The function f is given by the formula f(x)=6x^3+17x^2+4x+21/x+3
when x<–3 and by the formula
f(x)=2x^2–4x+a
What value must be chosen for a in order to make this function continuous at -3?
mmmh, took me a while to understand what the question is asking.
First of all you will need brackets:
f(x) = (6x^3+17x^2+4x+21)/(x+3)
= (6x^2 - x + 7) , where x≠ -3
= (x+1)(6x-7)
we want this to be the same as
2x^2 - 4x + a
If 6x^2 - x + 7 = 2x^2 - 4x + a
4x^2 + 3x + 7 = a
To make the function continuous at x = -3, we need to ensure that the values of f(x) from both formulas match at x = -3.
First, let's find the value of f(x) using the first formula when x = -3 by substituting x = -3 into the formula:
f(-3) = (6(-3)^3 + 17(-3)^2 + 4(-3) + 21)/(-3 + 3)
= (-162 + 153 - 12 + 21)/0
= 0/0 (undefined)
As you can see, substituting x = -3 into the first formula results in an undefined value. This means that the function is not continuous at x = -3 using the first formula alone.
Now, let's use the second formula to calculate f(x) at x = -3:
f(-3) = 2(-3)^2 - 4(-3) + a
= 18 + 12 + a
= 30 + a
In order for the function to be continuous at x = -3, the values from both formulas should be equal. Therefore:
0/0 = 30 + a
Since dividing by zero is undefined, the only way for the function to be continuous is if the denominator is canceled out. Therefore, we need to find the value of a that makes the denominator (x + 3) cancel out in the first formula.

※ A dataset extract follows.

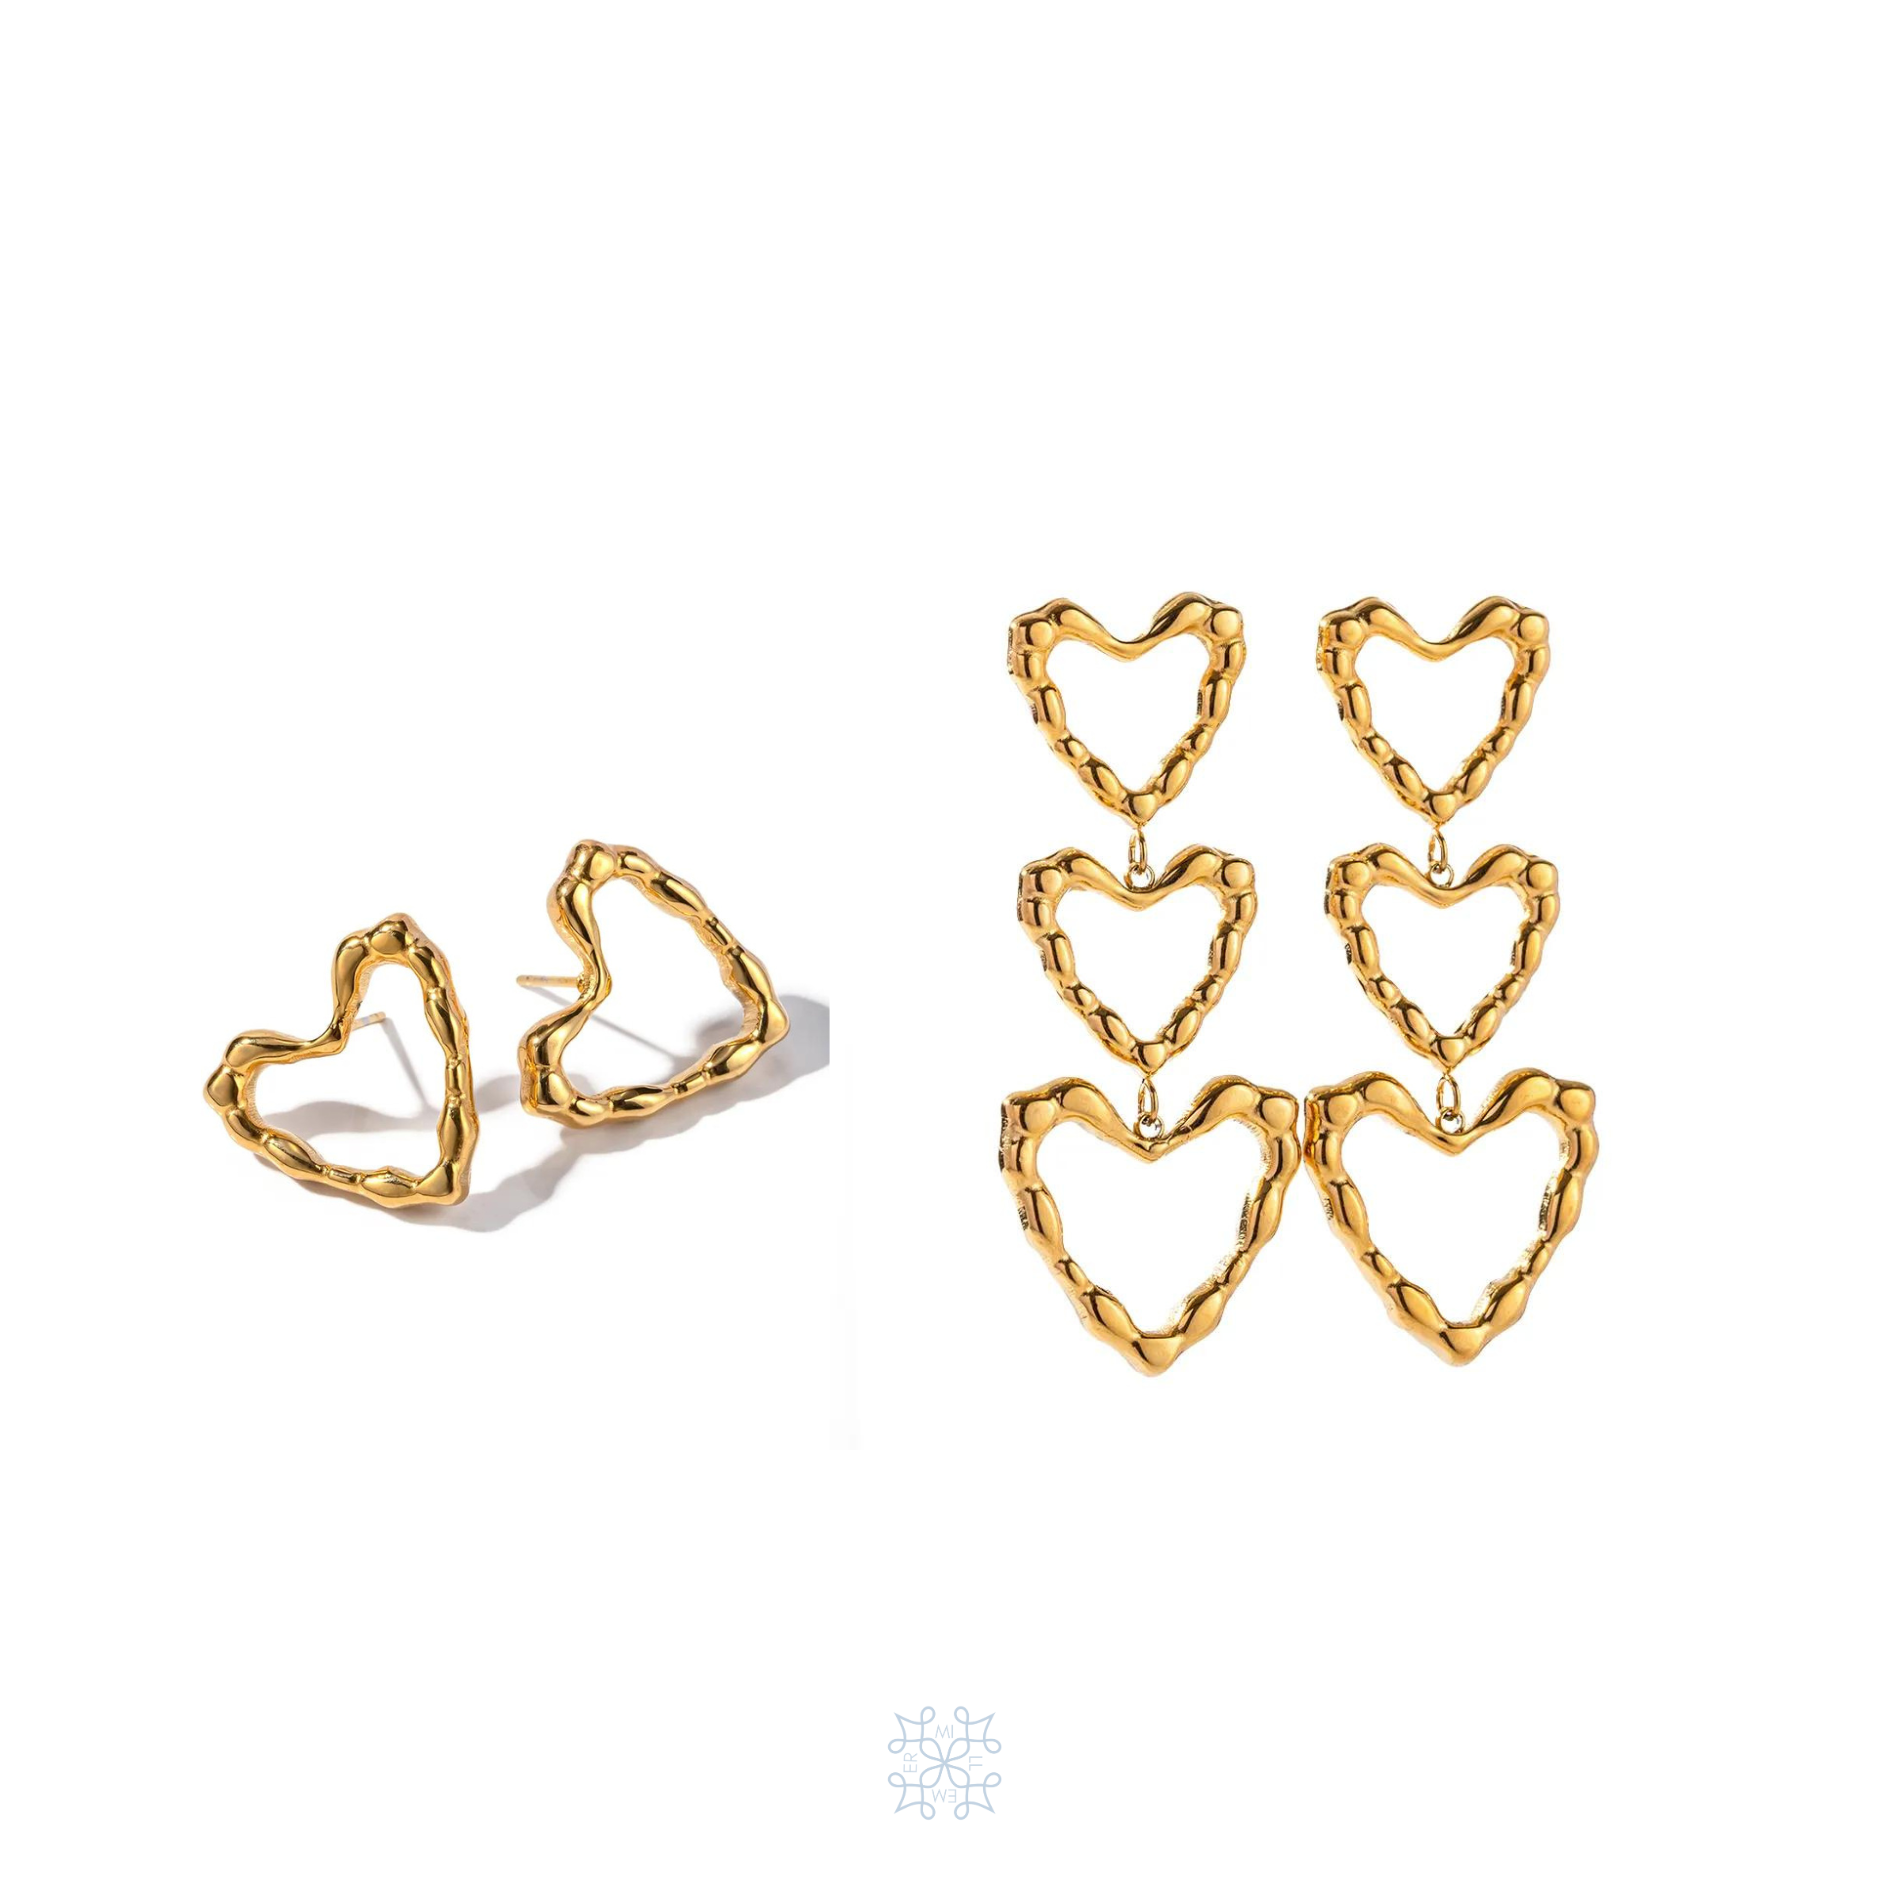 Heart shaped earrings. Dune heart gold Bundle. Two sets of earrings. One pair has 3 drop hearts. One pair has only one heart stud. They create a missmatched set worn together . One side drop earring and the other stud. The shape and texture of bot h designs is irregular heart shape texture.

To achieve this, we need to factorize the numerator of the first formula:
f(x) = 6x^3 + 17x^2 + 4x + 21
Using synthetic division or long division, we find that the numerator can be written as:
(6x + 7)(x^2 + 10x + 3)
So now our original function can be rewritten as:
f(x) = (6x + 7)(x^2 + 10x + 3)/(x + 3)
For the function to be continuous at x = -3, we need to cancel out the (x + 3) term. This can be done by canceling out the (x + 3) term in the denominator with either (6x + 7), (x^2 + 10x + 3), or both.
Since we want to find the value of a, we can cancel out (x + 3) by factoring the (x^2 + 10x + 3) term. Using the quadratic formula, we find the roots of the equation x^2 + 10x + 3 = 0:
x = (-10 ± √(10^2 - 4 * 1 * 3))/(2 * 1)
= (-10 ± √(100 - 12))/2
= (-10 ± √88)/2
= (-10 ± 2√22)/2
= -5 ± √22
So, the two roots are -5 + √22 and -5 - √22. We can factorize the equation as:
x^2 + 10x + 3 = (x - (-5 + √22))(x - (-5 - √22))
Now, since we want to cancel out the (x + 3) term, we need to choose one of the two factors that has x = -3 as a solution. Therefore, we choose:
x - (-5 - √22) = x + 5 + √22
Setting this factor to zero gives us:
x + 5 + √22 = 0
x = -5 - √22
Since x = -3 is not a solution for this factor, we set x = -5 - √22 as the factor that cancels out the (x + 3) term. Therefore, to make the function continuous at x = -3, the value of a should be equal to (-5 - √22).